Eventually, I wandered across a well-manicured lawn to the butterfly education barn, topped with a copper butterfly weathervane. The doors were wide open, and inside, I was greeted by staff gardener Steve Joyal. He was cleaning out four enclosures that contained monarch caterpillars that were happily munching on milkweed. Also inside the enclosures were 13 chrysalises dangled from the plastic ceilings. Mint green and speckled with gold, they’re among the loveliest things I’ve ever seen in nature.
I was just learning from Joyal about how the caterpillars essentially decapitate themselves in the process of forming a chrysalis, when Debrale Murphy, a retired doula from Massachusetts, arrived with a special package. In a small container, she carried an adult monarch.
“Do you want to watch it get tagged?” she asked me.
Nature nerds can spot each other from a mile away.
Murphy raises monarchs at her home.
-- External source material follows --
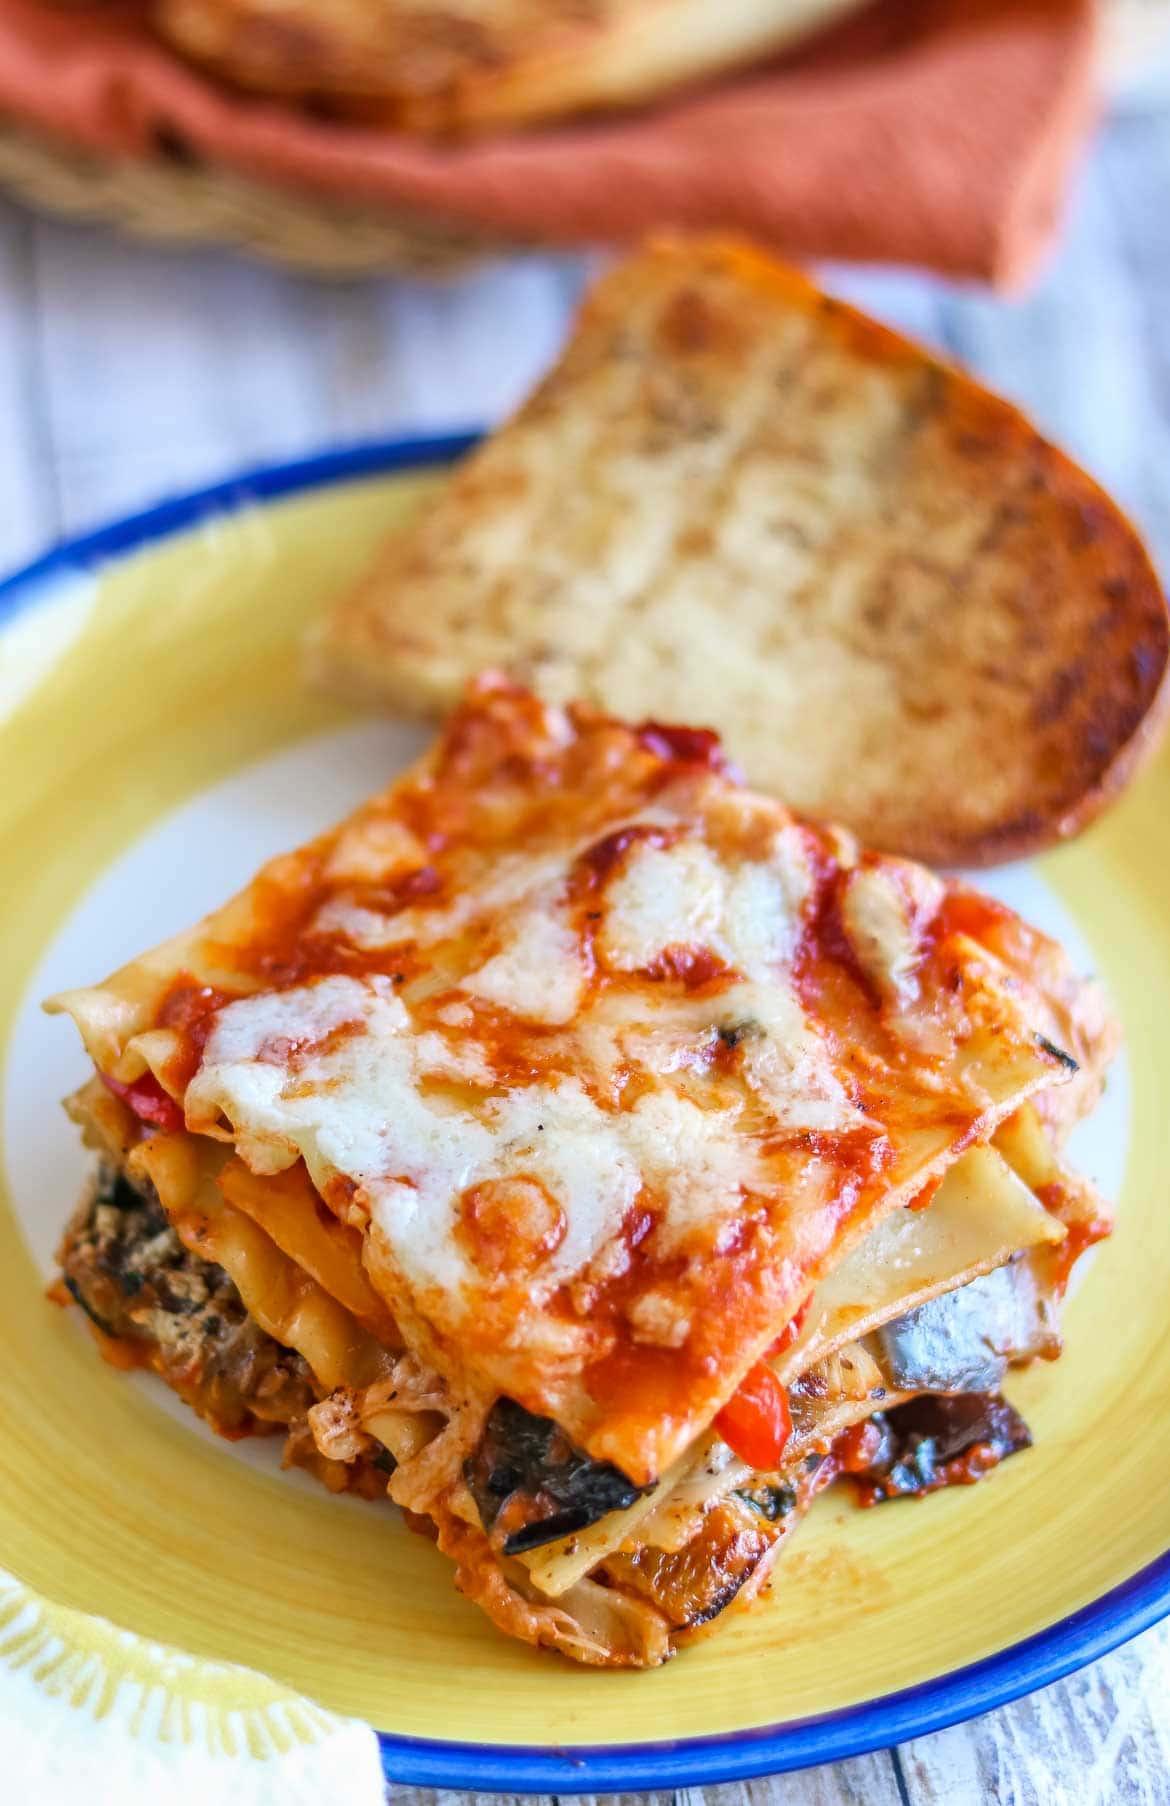 lasagna boil noodles recipe cook vegetarian roasted veggies bake recipes air fryer easy grilled fry company

And this summer, as she prepared for her annual Maine vacation, she realized that two of them were nearly ready to emerge.
“I had to take them with me,” she explained.
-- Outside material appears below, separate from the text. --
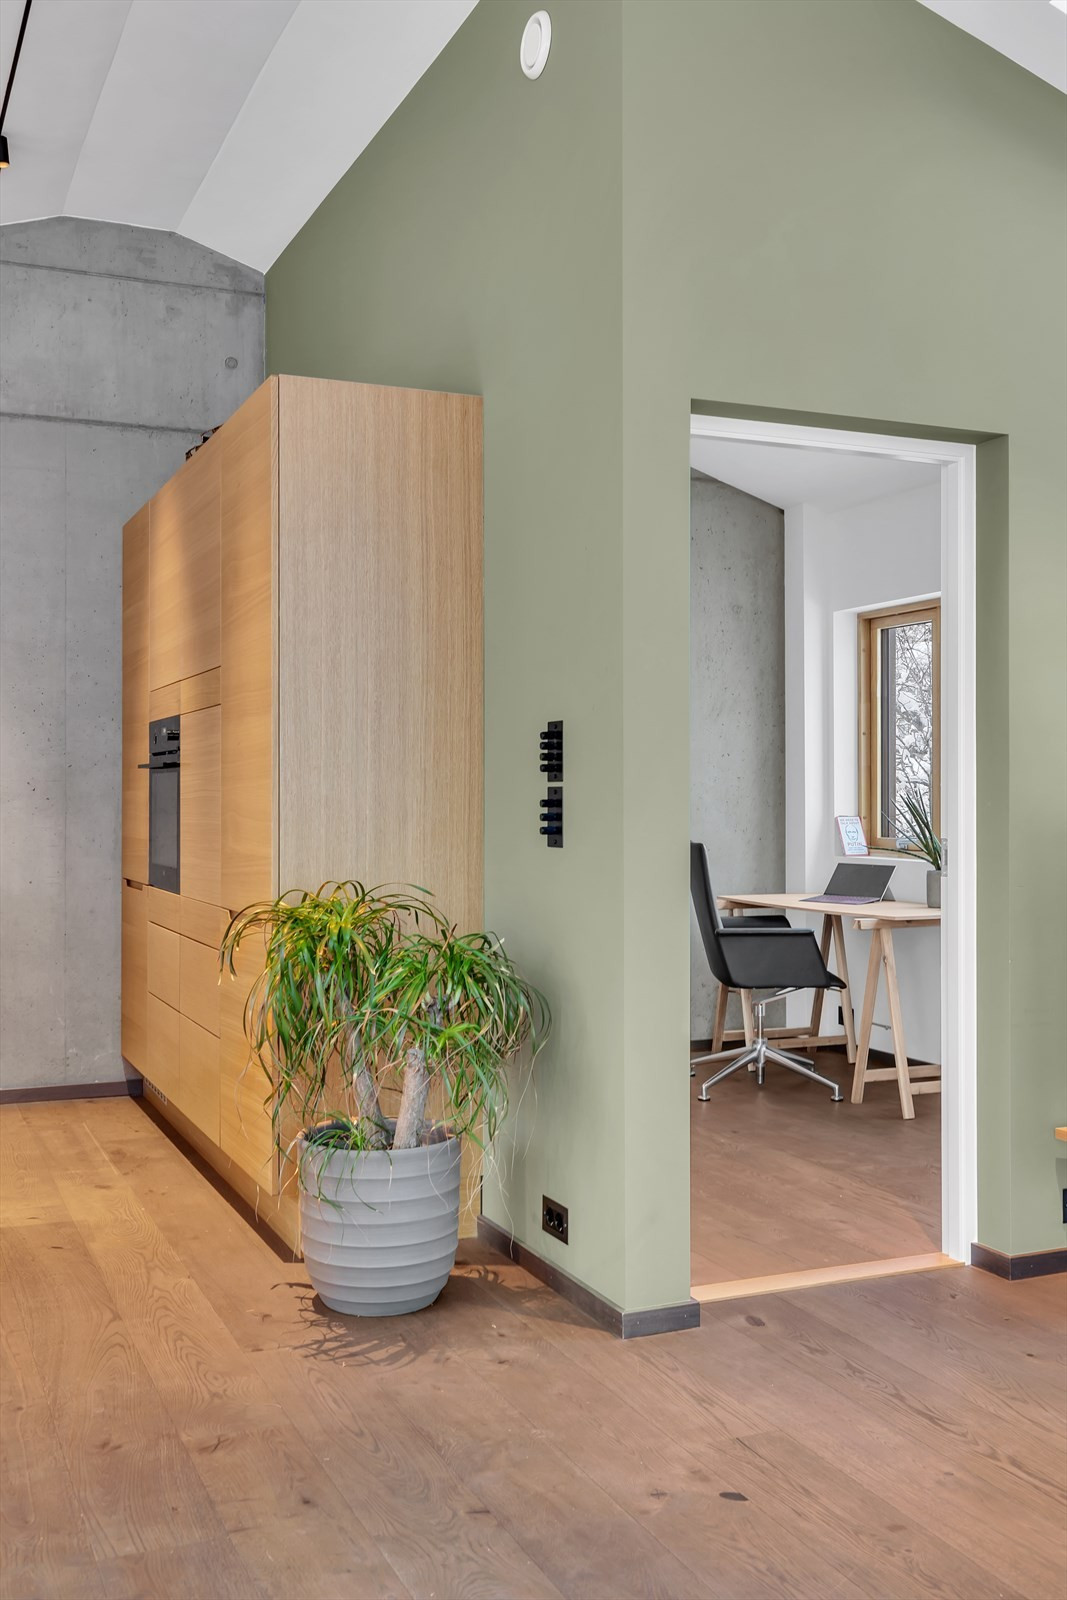 Inngang til kontor/tv-stue/soverom.

Murphy had been to the gardens before, so she knew she’d be able to release them in a great spot.
“There’s just so much food for them here,” she told me, motioning around at the many varieties of vibrant flowers. “This here is butterfly bush. They love that.”
I watched as Joyal carefully held the butterfly by pressing the wings together between his pointer finger and thumb. He then placed a tiny, circular Monarch Watch sticker on the underside of one of its hindwings. Each sticker has a unique number so the butterfly can be tracked.
“It’s a she,” Murphy informed me, explaining that male monarchs have two black spots on their hindwings that serve as scent glands.
I’d never seen a butterfly release before. I pictured people tossing them into the air in some grand gesture. But that’s not what happened.
It’s best to bring the butterfly straight to a food source, Joyal explained. So he carried the monarch to a butterfly bush and held her up to a cluster of tiny purple flowers. He then waited for a slight tug – the feeling of the butterfly’s tongue-like proboscis sucking nectar from a flower – before letting go.
“If you do that, nine times out of 10, it’ll stay right on the flower for a while,” he said.
She did stay, opening and closing her wings as she slurped up sugar. I lingered, too, chatting with Joyal about the amazing life cycle of monarchs. Each summer, they go through multiple generations, with the last built strong enough to fly thousands of miles of Mexico to overwinter — then return.
Before leaving the gardens, I wandered down toward Norwood Cove, where I followed a dirt path through a patch of milkweed. Searching the leaves, I found one yellow-and-black striped caterpillar munching away. It was a monarch, working toward its wings.